Second, the structure of the interview may have privileged Computational ways of thinking. To minimize feelings of frustration and to smooth the way for students to produce as much interesting mathematics as possible, we gave students the concrete numerical vectors fairly early on in the interview, which may have led students to more Computational thinking than their natural inclination. We could well have waited until later to provide the concrete vectors, and pushed harder for non-numeric solutions to the problem.

It is also possible that our students have not yet developed the ability to use Geometric thinking in higher-dimensional contexts. Framing the Michelle problem in R 4 may have precluded this mode of thinking. We could have explored this possibility by asking them to re-situate the problem in R 3.

We had hoped to investigate students’ use of multiple modes of thinking, and the nature of the coordination or interaction between them. What are the “boundaries” between the modes and how should thinking near these boundaries be characterized? What can prompt students to switch modes, and how do insights obtained in one mode affect thinking in another?

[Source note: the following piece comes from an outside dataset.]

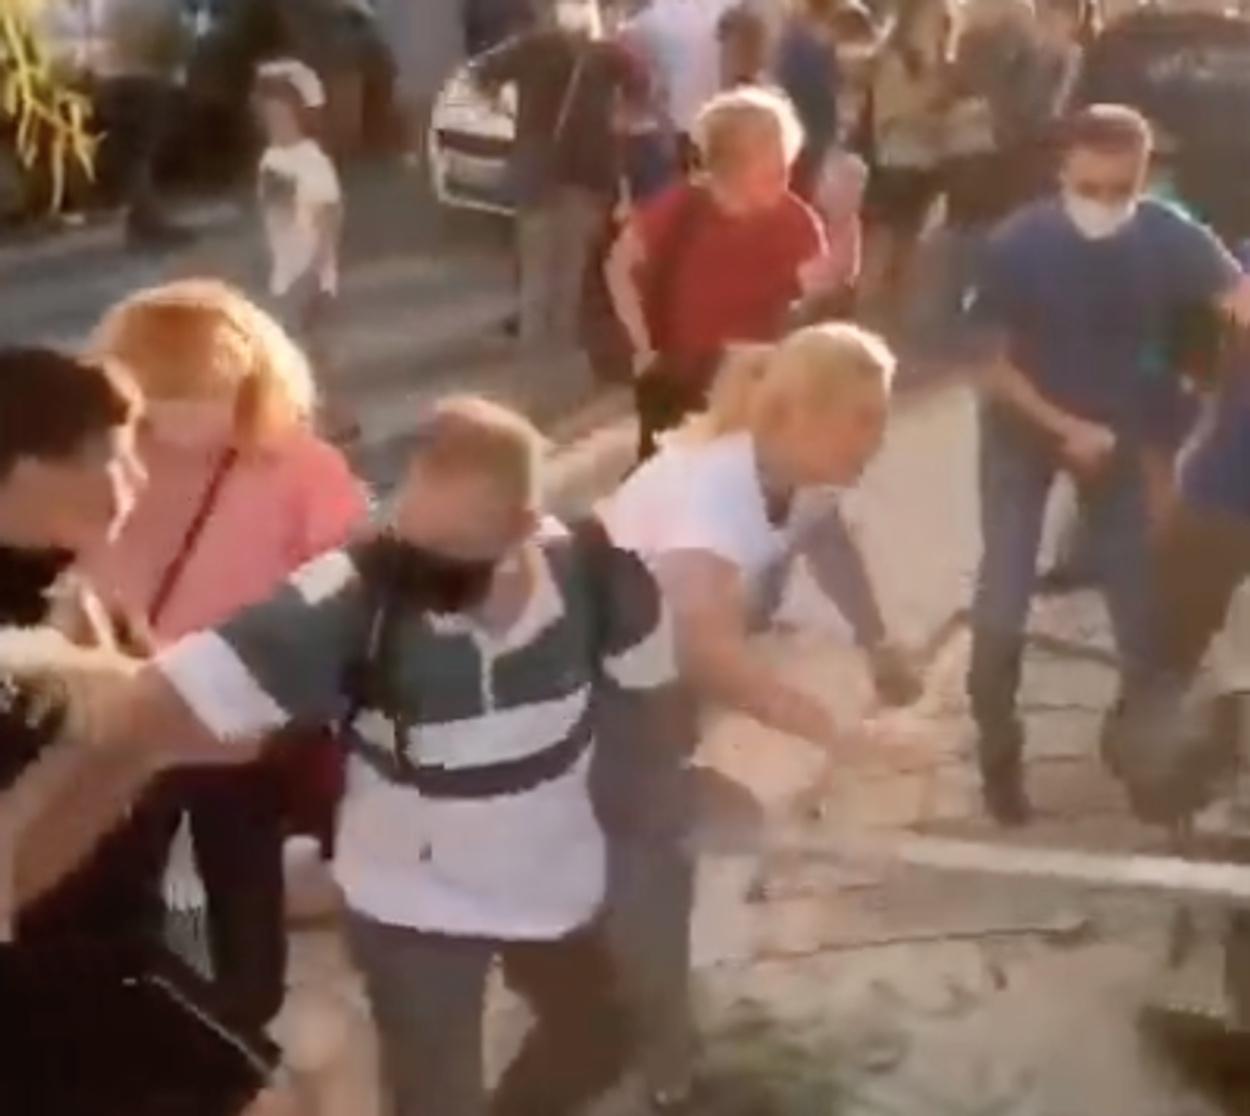 Απίστευτες εικόνες με γονείς να προσπαθούν να σπάσουν κατάληψη σε σχολείο στον Άλιμο (video)

Do difficulties in coordinating representations between different modes outweigh the benefits obtained from flexibility? These questions cannot be answered with the data we have reported in this paper, and thus remain for future work. The interview protocol may need to be redesigned to provide more opportunities for students to switch modes of thinking, or include questions that actually prompt such a switch.

We may recommend a few pedagogical implications of our work. First, the success of students in constructing Computational justifications by analysis of algorithm (and the frequent presentation of such proofs in linear algebra textbooks) may imply that instructors should foreground this technique in classes with a proof component. Textbooks normally justify each new algorithm with a proof that it does compute what it claims to compute, and the structure of such proofs could be emphasized. Other uses of the technique, such as the proof by row-reduction that a linearly independent set in R n contains at most n vectors, could be highlighted. Second, our results suggest that instructors may wish to adopt a more positive orientation toward computational and procedural thinking in general, notice when their students are using it productively, and help them grow more expert-like in the ways they use it. In particular, instructors may be more explicit about the notions of framing and metacognition. Students could be encouraged to anticipate the output of an algorithm they employ, monitor its steps as it progresses to check consistency with expectations, and consider an Abstract or Geometric viewpoint for making sense of unexpected results.

Finally, our data imply that Computational reasoning in linear algebra is an opportunity for students to develop and utilize deep procedural knowledge (Baroody et al. 2007). While not all Computational reasoning is particularly deep, and while our sample is composed of students in a high-achieving population and is therefore not representative of the general population of linear algebra students, our results are an existence proof. Our students’ use of procedural elements such as framing and reverse-engineering in the service of activities such as strategy generation, justification, and troubleshooting is evidence that linear algebra students can, perhaps with appropriate scaffolding from their instructors, use Computational reasoning in ways that blend procedural and conceptual knowledge. Our data contain many examples of what the sophisticated blending of procedural and conceptual knowledge might look like. We hope that other researchers and practitioners will join us in recognizing and researching productive ways students might develop and use deep procedural knowledge.